#### [EXERCISE DETAILS]
Would you please transcribe exactly the lines from the one containing "Measures: 4'6 x 11'7" through the end of the material below, and only those?
··· DATA SEGMENT
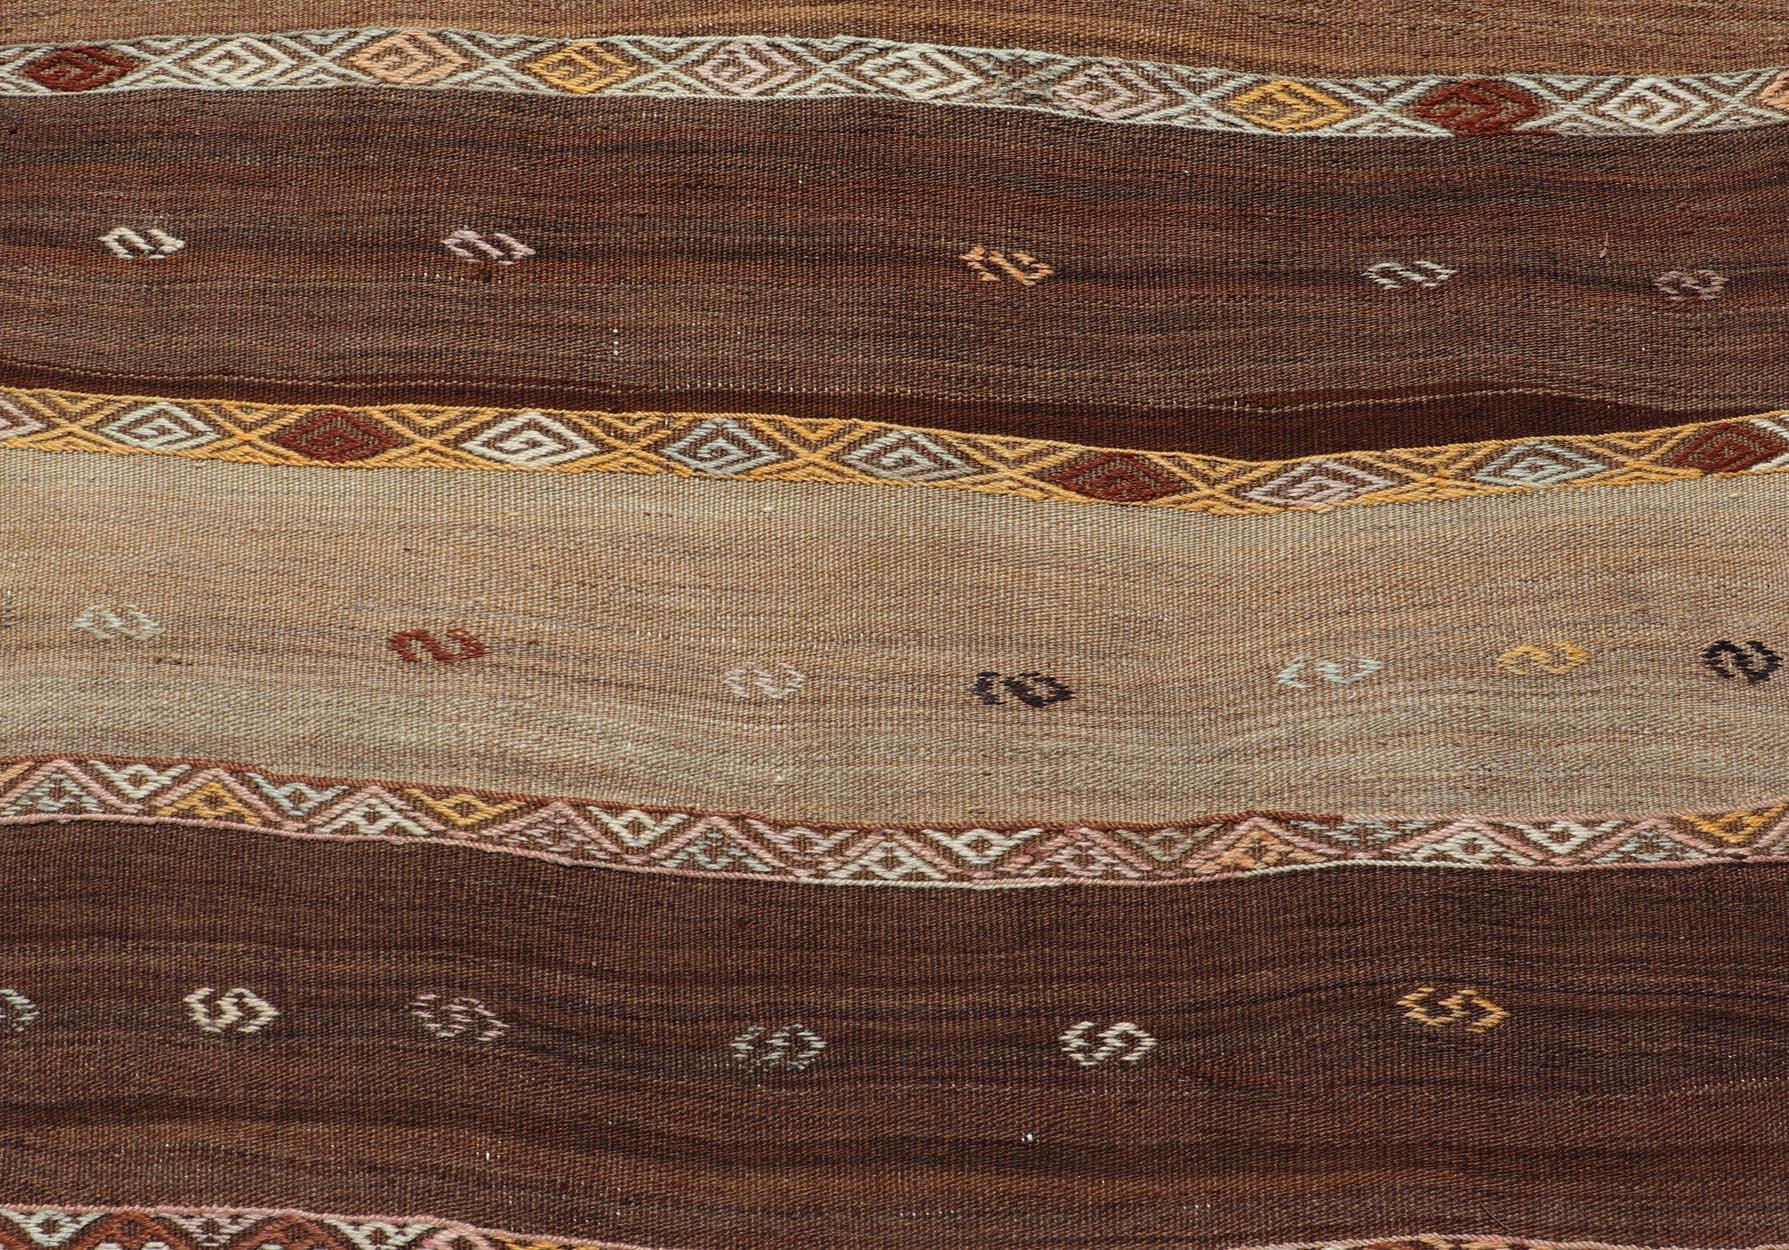 Vintage Earthy Kilim Gallery Runner with Stripe Design in Multi Colors & Motif's. Keivan Woven Arts / rug EN-178669, country of origin / type: Turkey / Kilim, circa 1950.
Measures: 4'6 x 11'7 
Featuring a striking stripe design, this unique
······
#### [PROBLEM SOLUTION]
Measures: 4'6 x 11'7 
Featuring a striking stripe design, this unique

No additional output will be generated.